Types of Business Entity in the UK


There are three types of business entity in the UK including sole trader, partnership, limited company. They are diversified from others in legal requirements, allocation of profits, hierarchy authorization and other aspects.


TYPE I: Sole trader

A sole trader is an unincorporated business usually run by one person. The owner will be taxed as self-employee through HMRC.

Advantages
  • Less statutory requirement can save administrative and accounting costs for owner.
  • owner can retain all after-tax profits. Meanwhile the sole trader has the absolute control of business activities.
  • Simple to start up, wind up and change business structure.
  • Disadvantages
  • Owner of business has unlimited liabilities to debts. There is no distinction between personal and business assets. The individual run the business with high risk.
  • limited ability to raise capital.
  • Adverse public image.
  • owner owns all the responsibility of business decision. It’s difficult retain experienced employees. Only counting on the judgement of owner may produce wrong decision.

  • Self Assessment (SA) timetable
  • Income tax and capital gains tax are both assessed for a tax year which runs from 6th Apr. to the following 5th Apr.
  • 31st Oct. following: paper returns need to be submitted to HMRC by this date.
  • 31st Jan following: final date for submission of the return and all outstanding tax to be paid.

  • Practical Tip

    Remember to keep all tax related documents such as bank statement, dividend vouchers, payslips, etc. You can simply hand these documents to us in the year end and we will prepare your self assessment return for you.


    TYPE II: Partnership

    A partnership is where two or more people come together to carry on a business, trade or other activity. There are two forms of partnership in the UK, limited partnerships and limited liability partnerships (LLP).

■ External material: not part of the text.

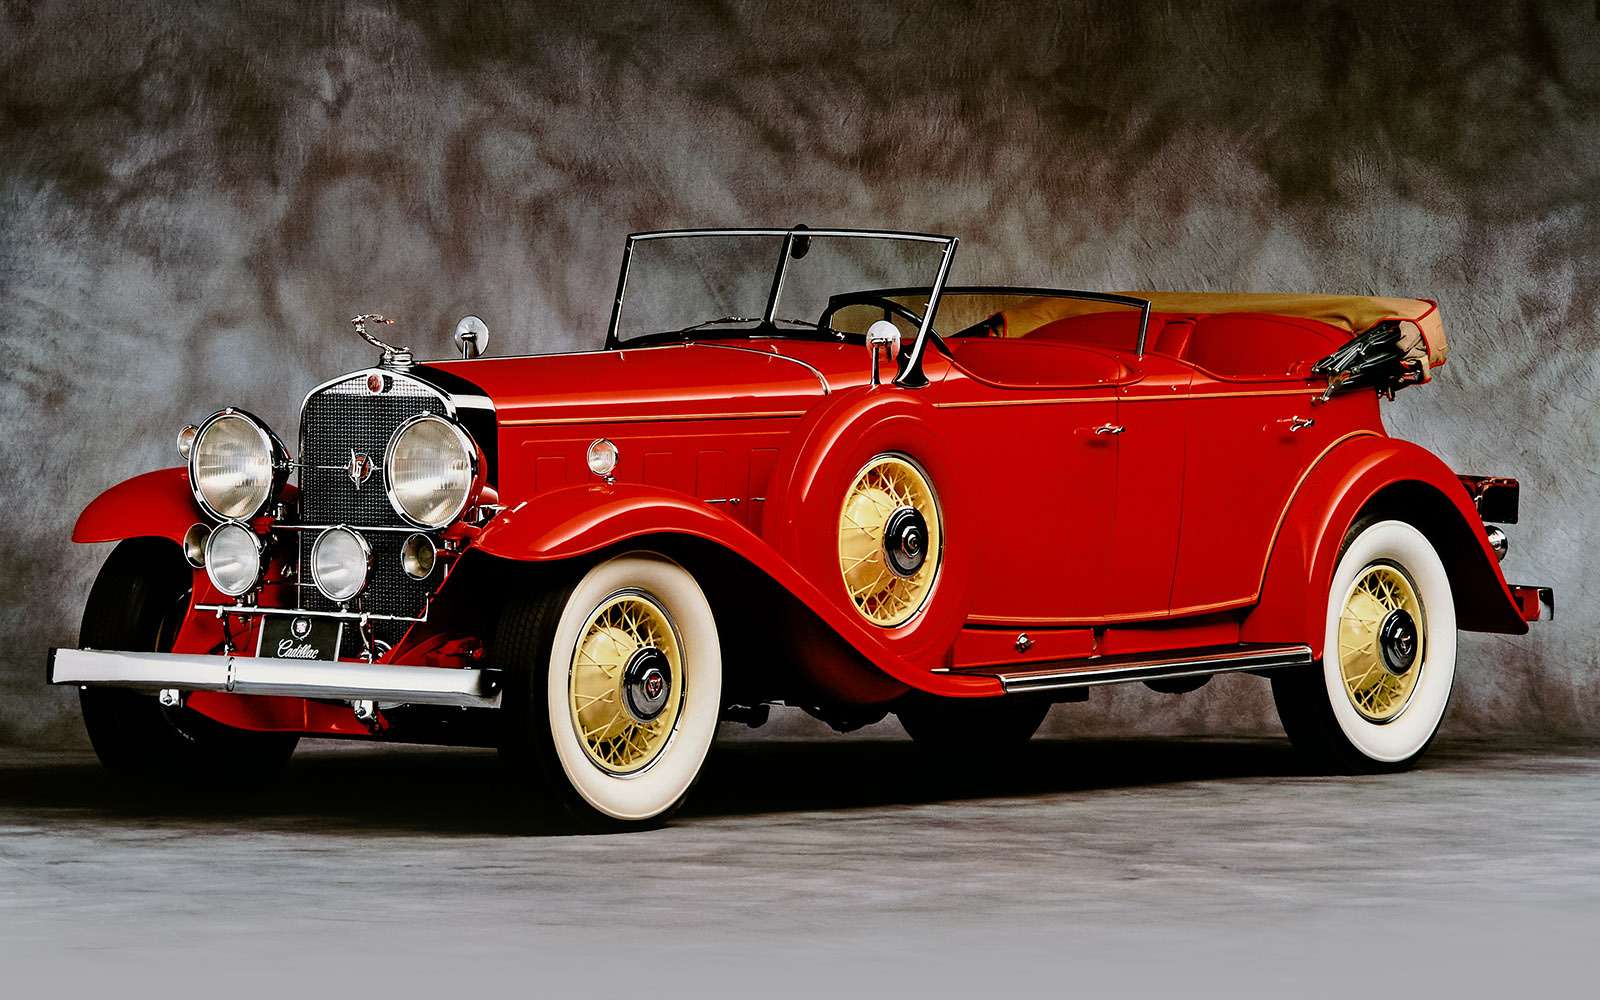 Типичный классический автомобиль первой половины 1930‑х, например Cadillac V16, обязан быть огромным, богато отделанным, мощным и, конечно же, построенным на массивной раме.

    Trading as limited partnership, the liability of debt will be split between partners. General partners can be personally liable for all the partnerships’ debt. Limited partners are only liable up to the amount they initially invest in the business.

    In limited liability partnership, partners aren’t personally liable for debts the business can’t pay and their liability is limited to the amount of money they invest in the business. The allocation of shares and profits are set out in partnership agreement.

    Advantages
  • Easy to set up, low establish fee.
  • Pool of expertise knowledge, able to attract high-caliber employees.
  • Easy to raise capital and greater borrowing capacity.
  • Less statutory requirement.
  • Disadvantages
  • Easy to have disagreement and friction.
  • In limited partnership, each partner has unlimited liability to debt of the whole business.
  • Business value and activities are violable to partner leaving and joining.

  • TYPE III: Limited company

    A limited company is another organization to set up business. Each company must appoint a director owing the responsibility of running the business.

    Most limited companies are limited by shares which means the shareholders’ responsibilities for the company’s financial liabilities are limited to the value of shares that they own but haven’t paid for. The shareholders are the owners of company. Any profit it makes is owned by the company and can be shared by shareholders. Public limited company can trade its share on public market.

    Advantages
  • Shareholders have only limited liabilities to debts.
  • Higher capacity of raise capital.
  • More attractive to experienced and skilled employees.
  • Director can provide professional knowledge.
  • Enjoy tax allowance and deduction.
  • Better public image.
  • Disadvantages
  • Higher accounting and administrative fee.
  • Strict legal requirements and formalities.
  • Complicated process of establishing and winding up.
  • Some company information need to be displayed to the public.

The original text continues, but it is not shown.